Whisper Large V3 Is Now Available to the Developer Community via GroqCloud™
We’re excited to announce Groq is officially running Whisper Large V3 on the LPU™ Inference Engine, available to our developer community via GroqCloud™ through our Developer Playground. Whisper is a pre-trained model for automatic speech recognition and speech translation, trained on 680k hours of labeled data. Whisper and models like it are paving the way for accurate and seamless GenAI voice experiences while broadening the possibilities on developer application and use cases, both of which require low-latency AI inference.
This also marks an addition to the expanding GenAI model portfolio hosted by Groq. Large Language Models (LLMs) continue to run on the Groq LPU, the addition of Whisper Large V3 is another step on our way to multi-modal.

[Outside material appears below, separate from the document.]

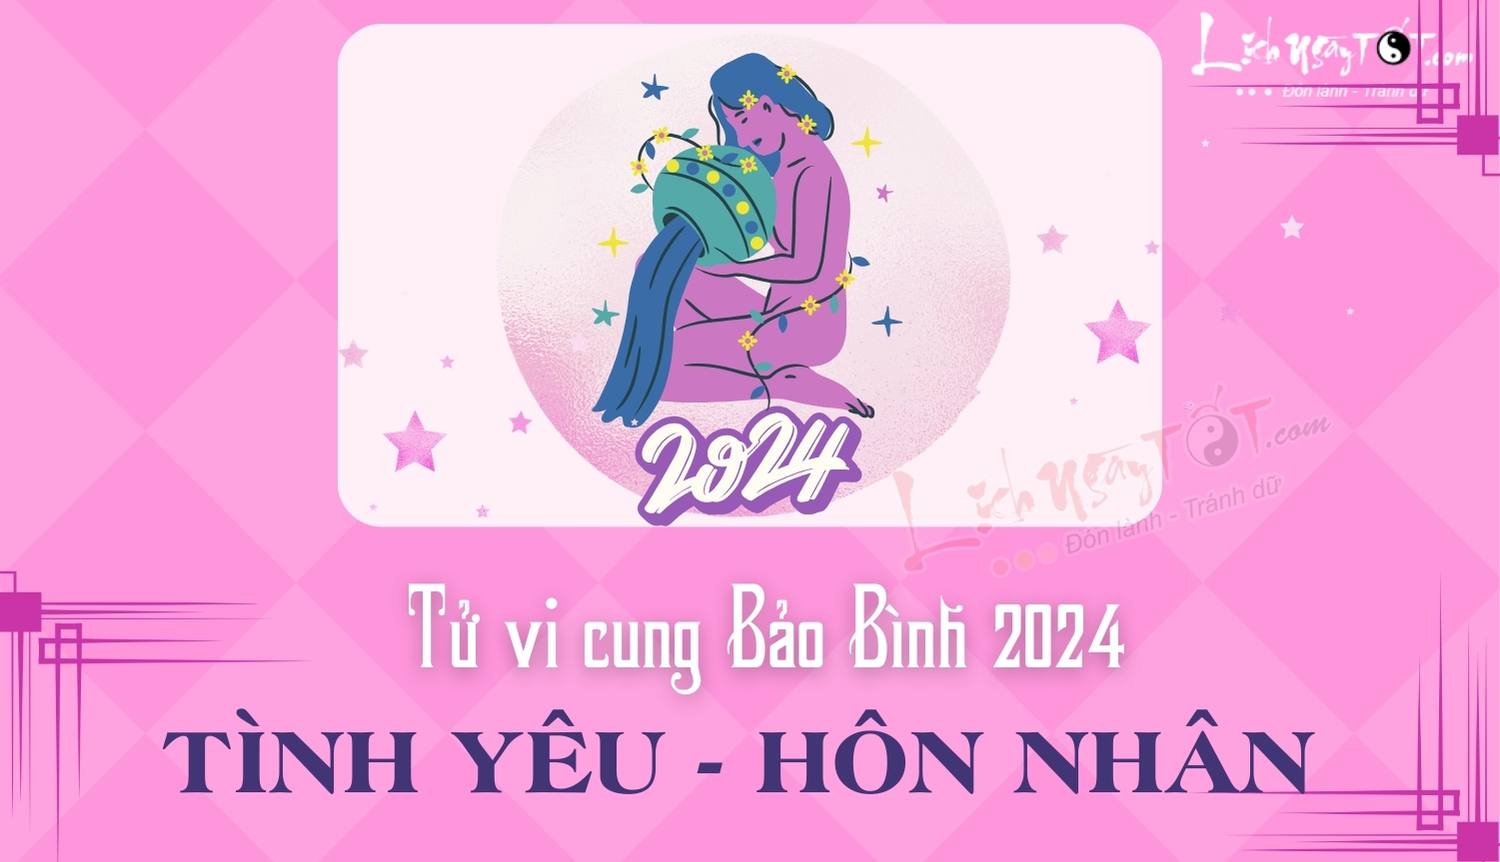 Tu vi tinh cam cung Bao Binh nam 2024

Artificial Analysis has included our Whisper performance in their latest independent speech-to-text benchmark.
Dive into the results below. To see see this model in action, check out Project Media QA on GroqLabs. If you are a developer interested in Whisper running on Groq, sign up for access via GroqCloud at console.groq.com.
Artificial Analysis has independently benchmarked Whisper Large V3 on Groq as achieving a Speed Factor of 164. This means Groq can transcribe our 10-minute audio test file in just 3.7 seconds. Low latency transcription is a critical component for seamless voice experiences. AI voice experiences require low latency inference on transcription, language, and voice models to enable immediate responses that keep users engaged.
- Micah Hill-Smith, Co-founder & CEO, ArtificialAnalysis.ai Repost
Speed Factor
Measured as input audio seconds transcribed per second, Groq clocks in at a speed factor rate of 164x real-time, the fastest implementation of the base Whisper Large V3 model.
Quality
Artificial Analysis defines Word Error Rate (WER) as the percentage of of words transcribed incorrectly. Groq minimized its Word Error rate to 10.3% for Whisper Large V3, matching the lowest WER from other providers on the leaderboard
Price
Artificial Analysis defines price as USD per 1000 minutes of audio, bringing the Groq price to $0.5 based on offering Whisper Large V3 at a price of $0.03 per hour transcribed.